[DESCRIPTION OF THE TASK]:
Starting at the line that contains "Red Lockscreen /", print each line exactly through the end of the listing. Skip any pictures and add nothing.

[DATA BELOW]:
************

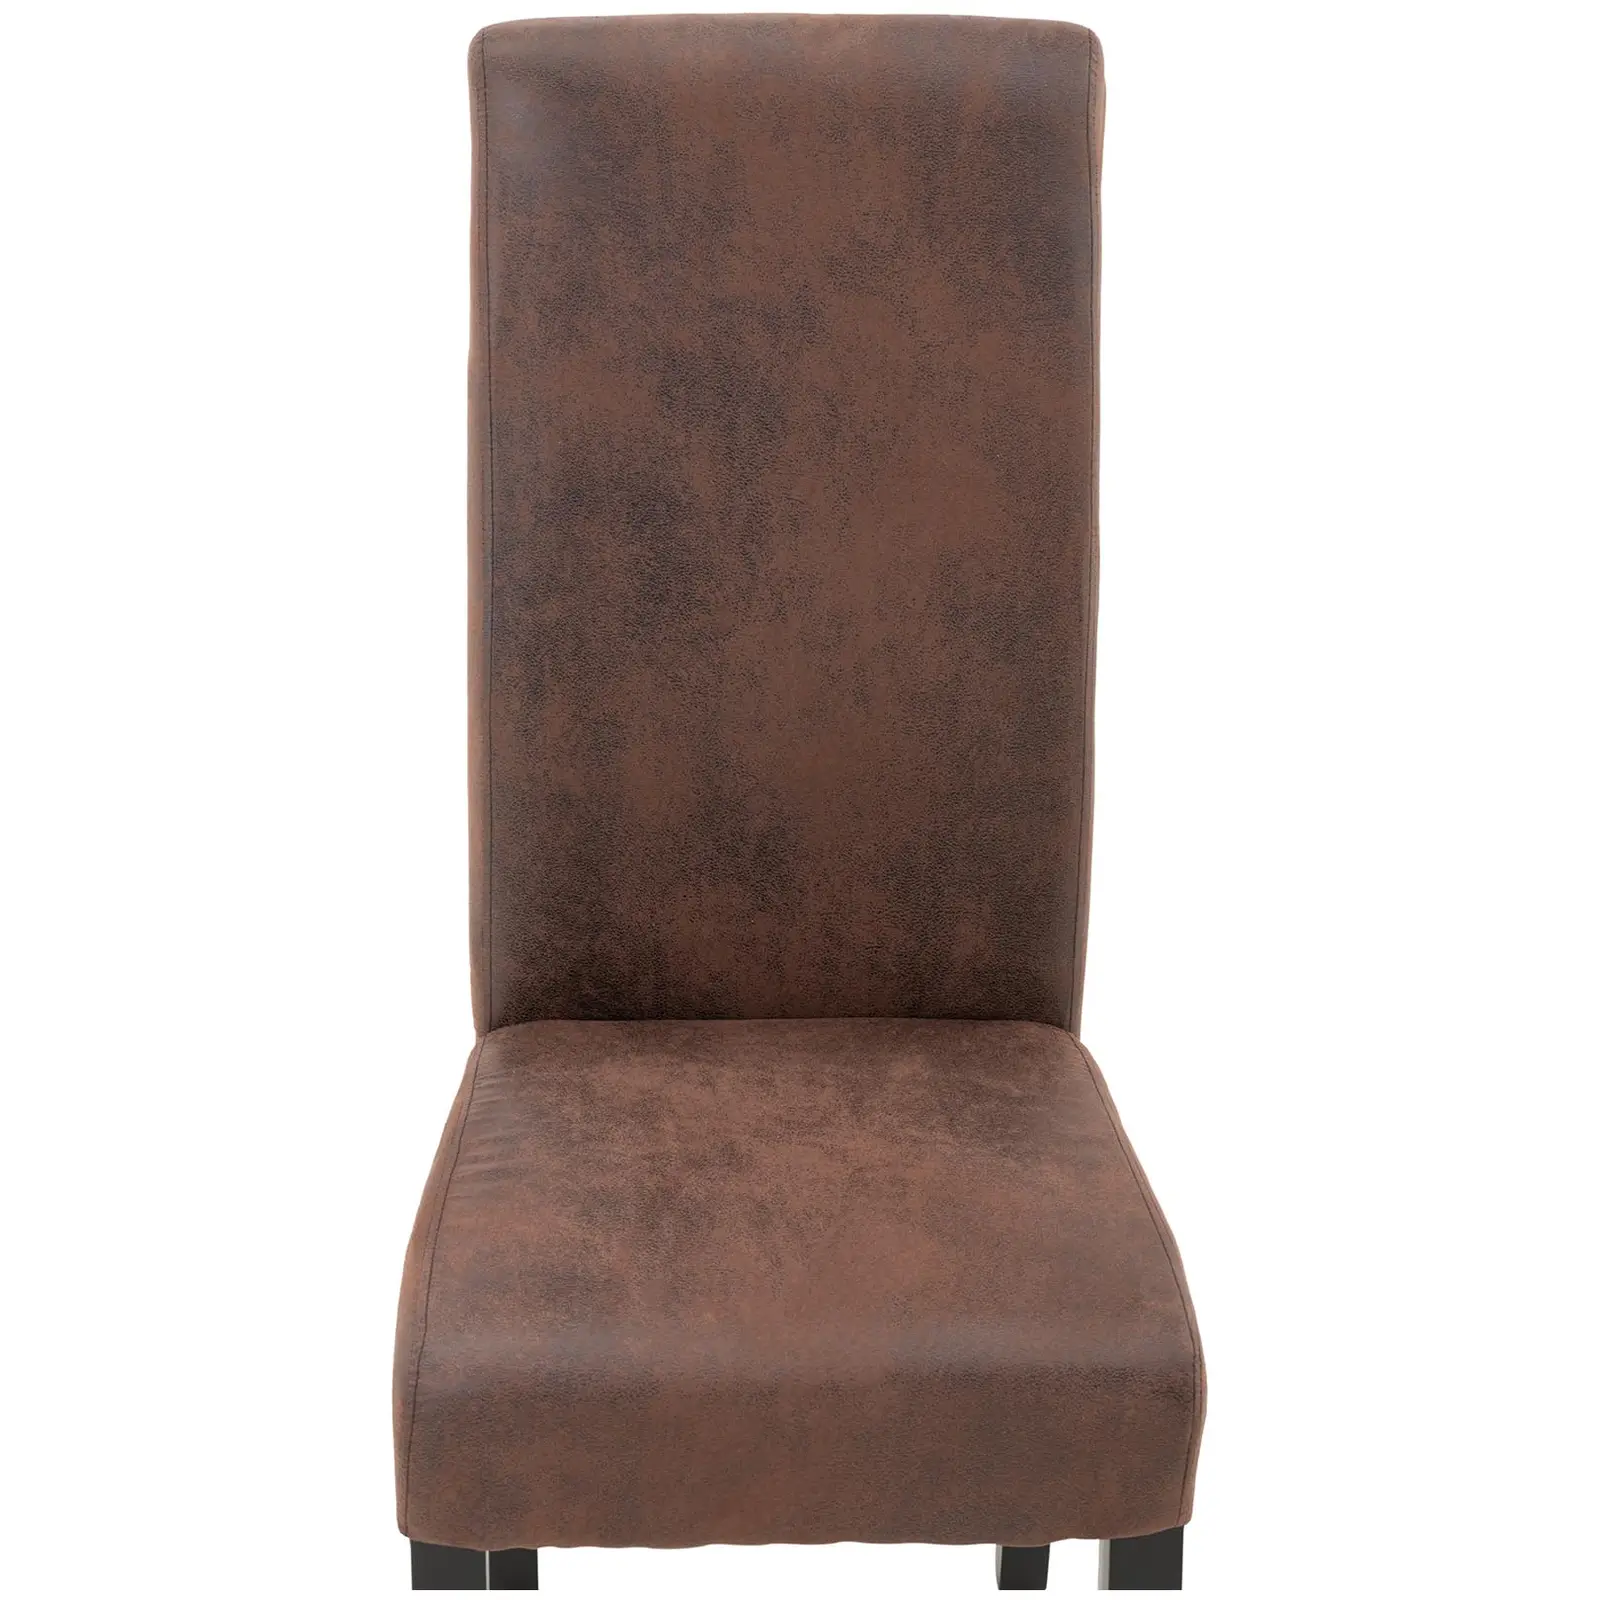 Krzesło tapicerowane - brązowe - 2 szt.
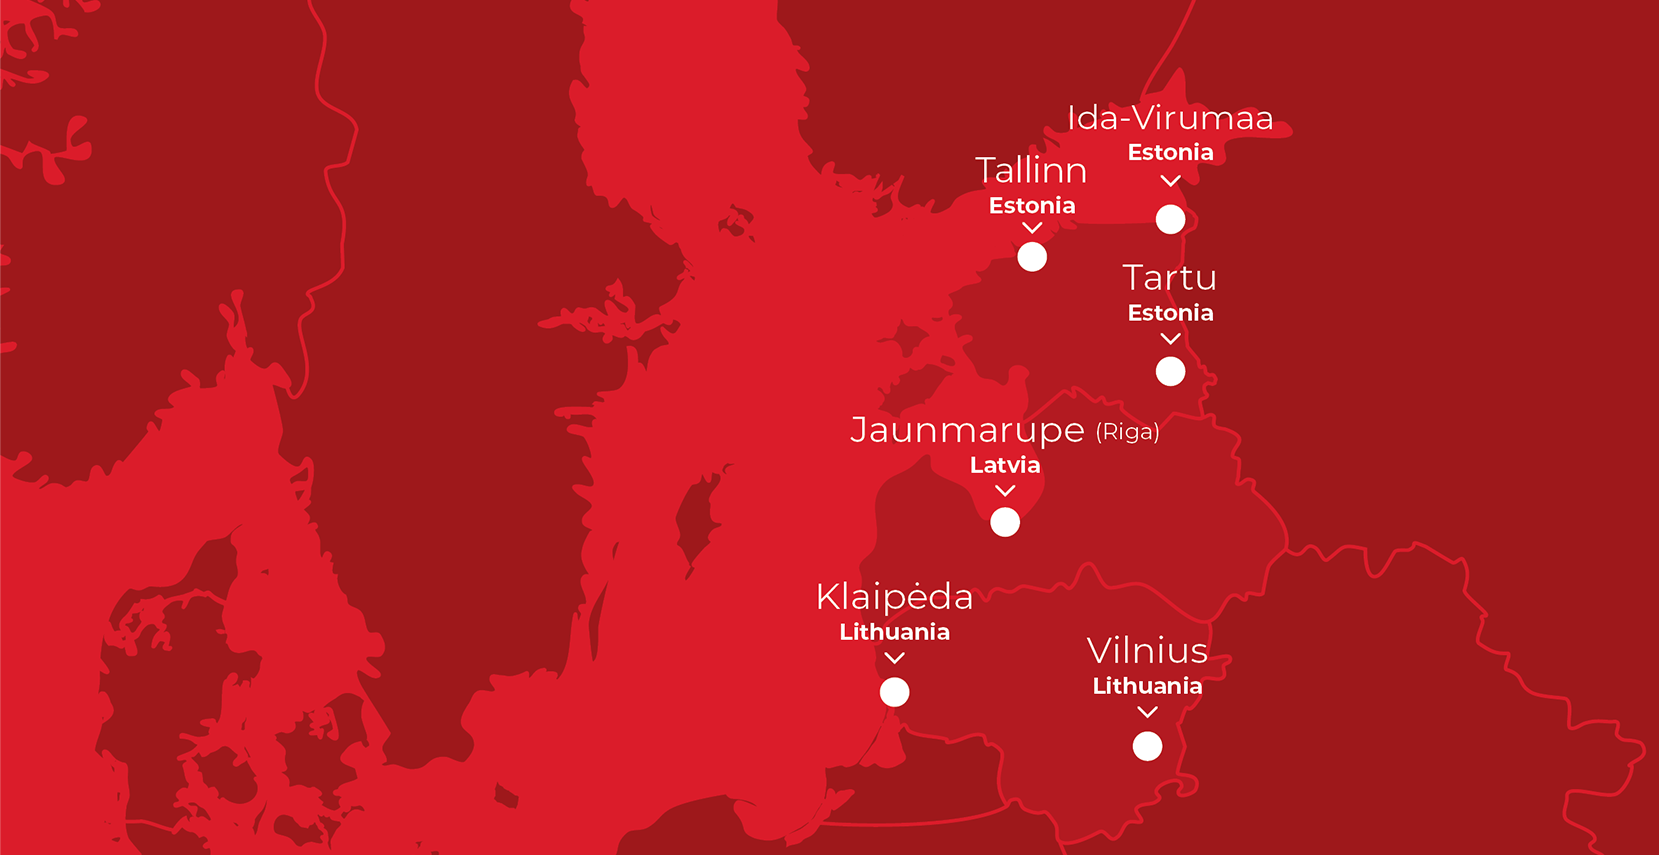 Technobalt service network in the Baltics
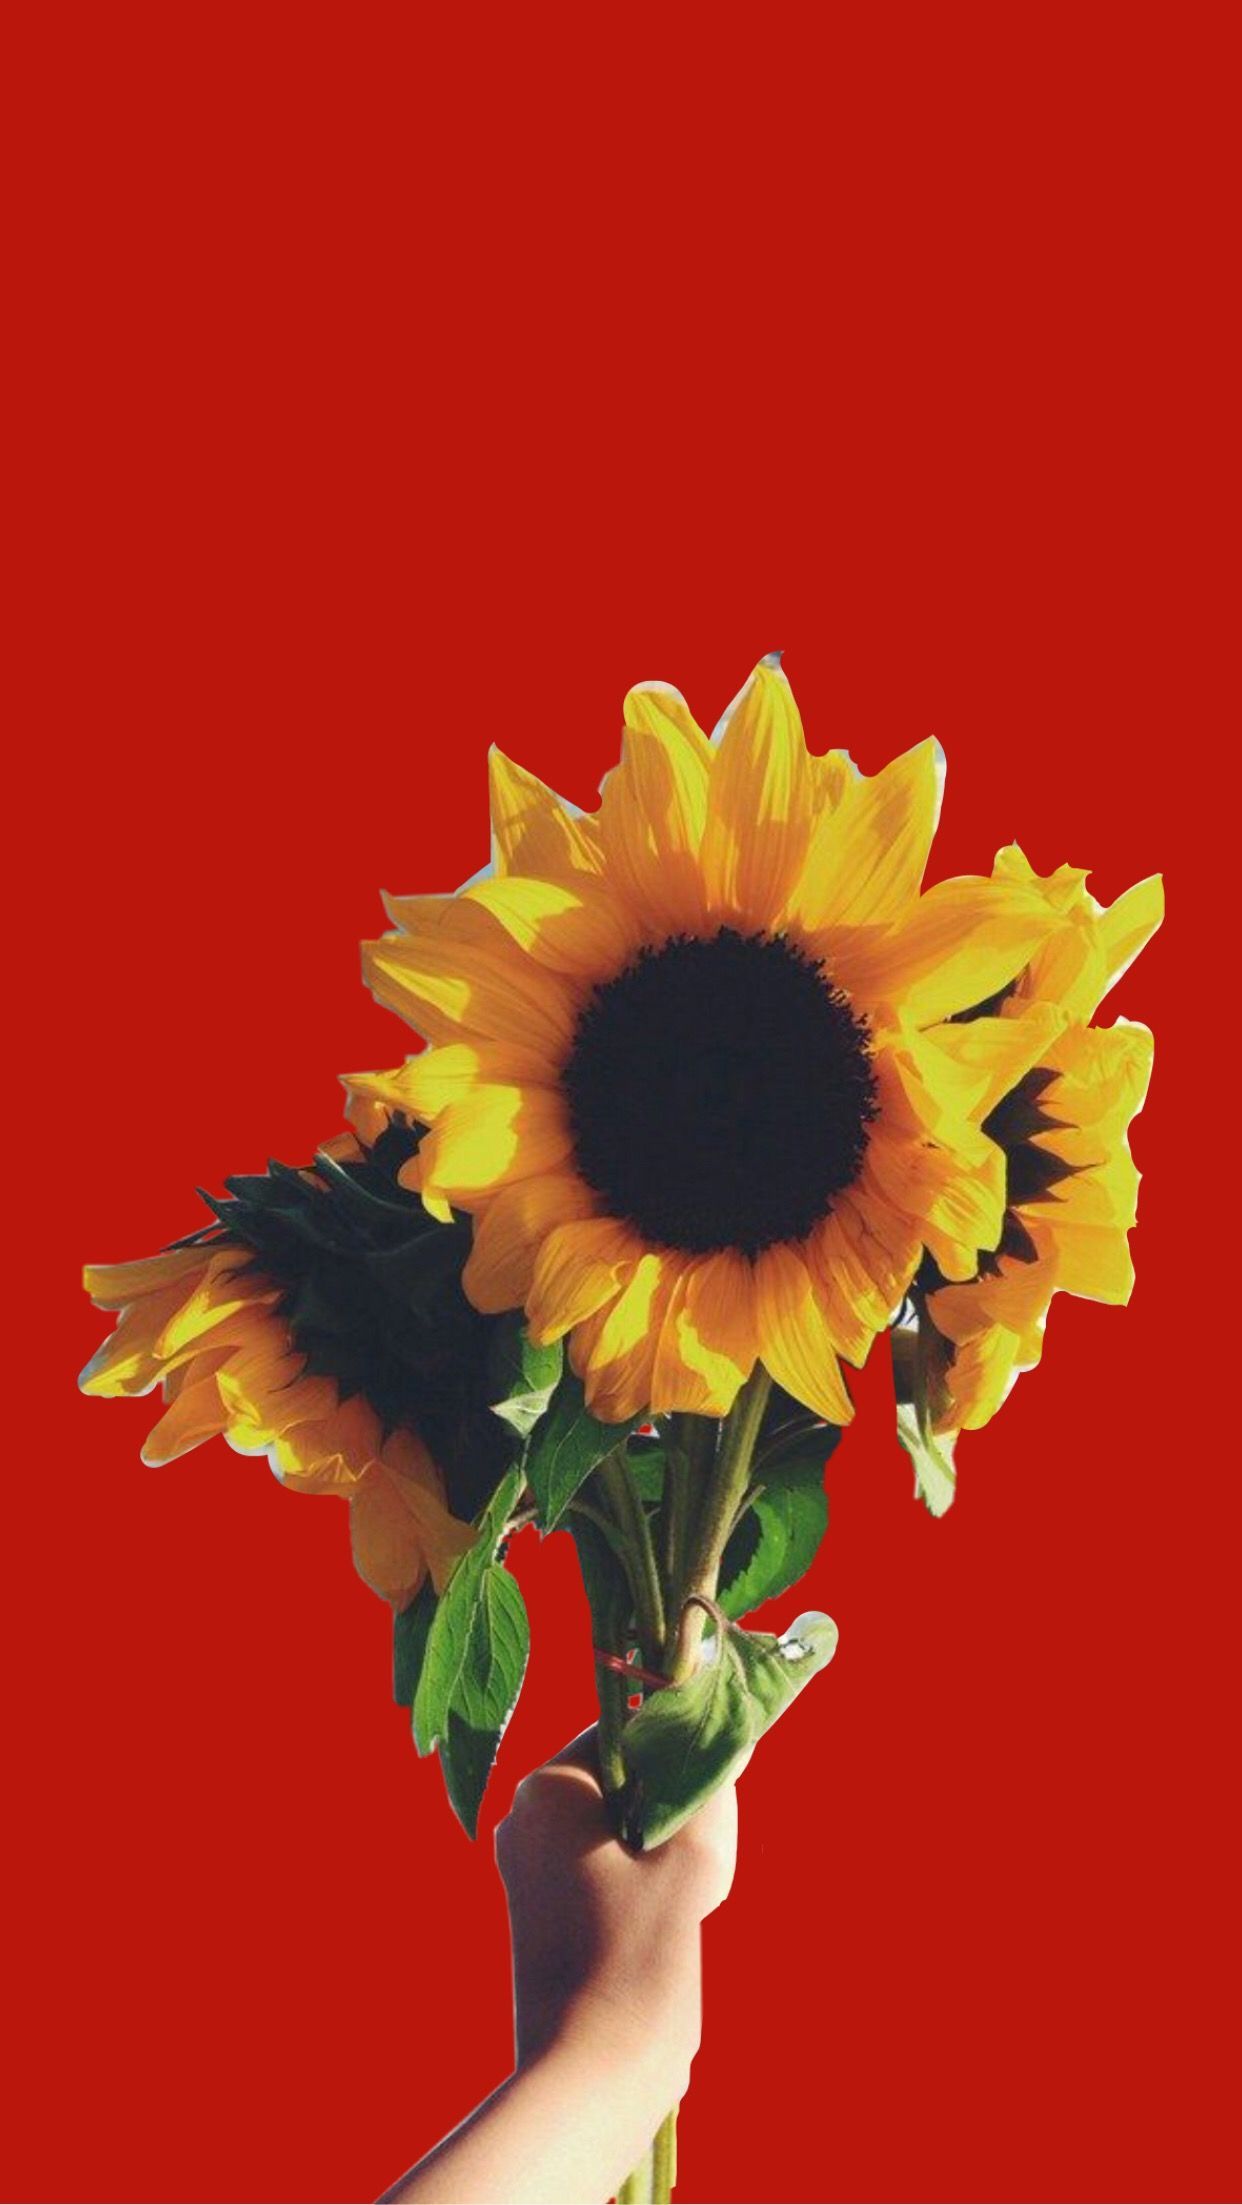 Red Lockscreen / Wallpaper / Background Sunflower Aesthetic
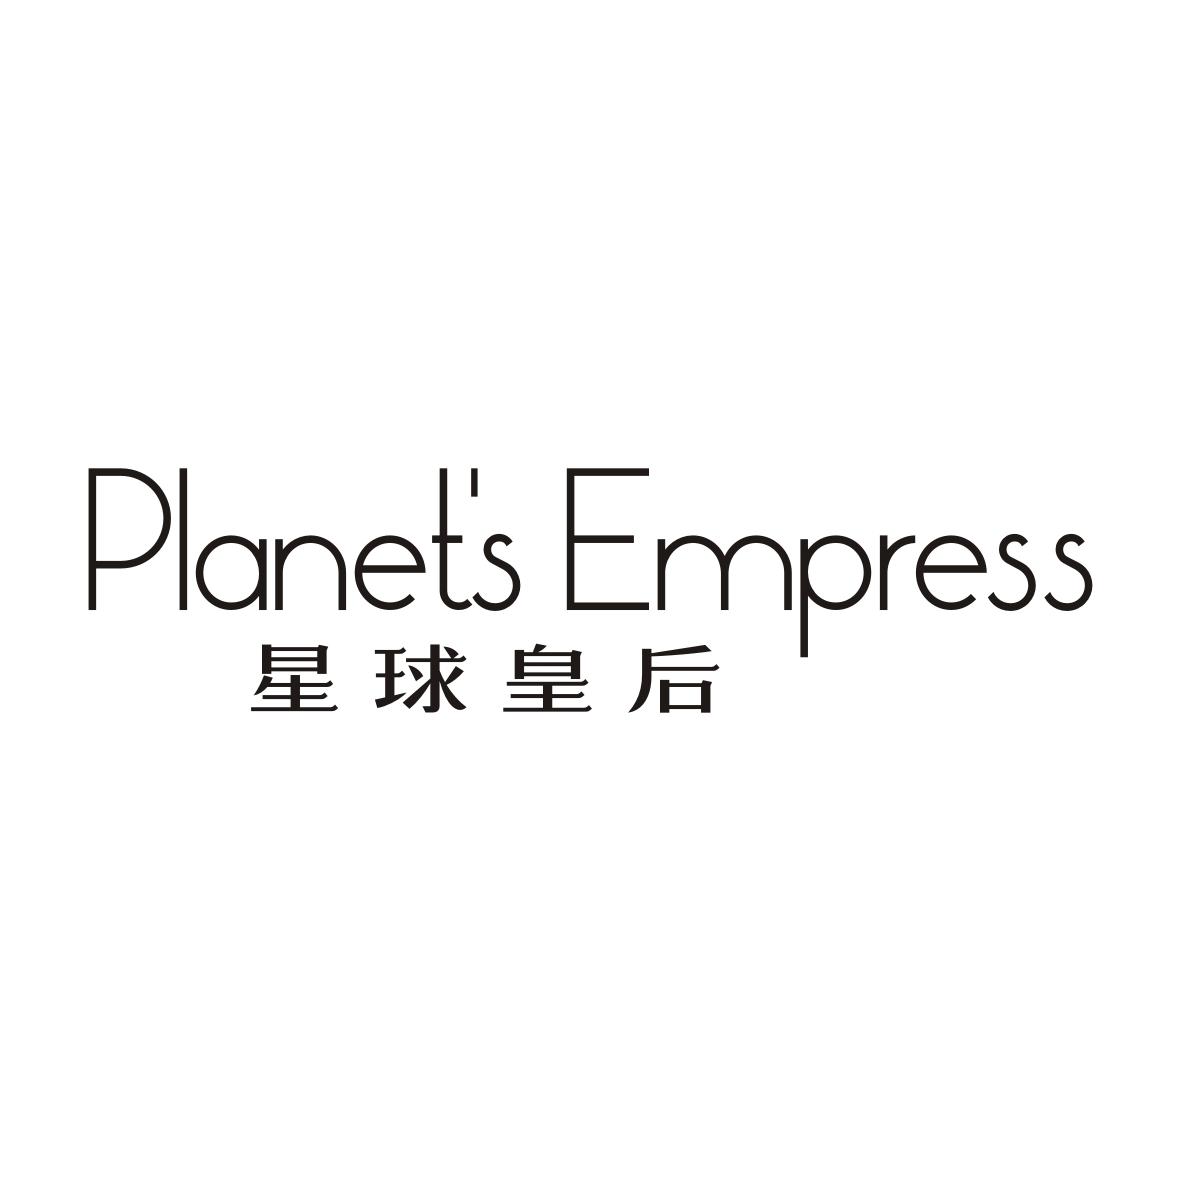 推荐05类-医药保健星球皇后 PLANET'S EMPRESS商标转让

************

[RESPONSE]:
 Red Lockscreen / Wallpaper / Background Sunflower Aesthetic
 推荐05类-医药保健星球皇后 PLANET'S EMPRESS商标转让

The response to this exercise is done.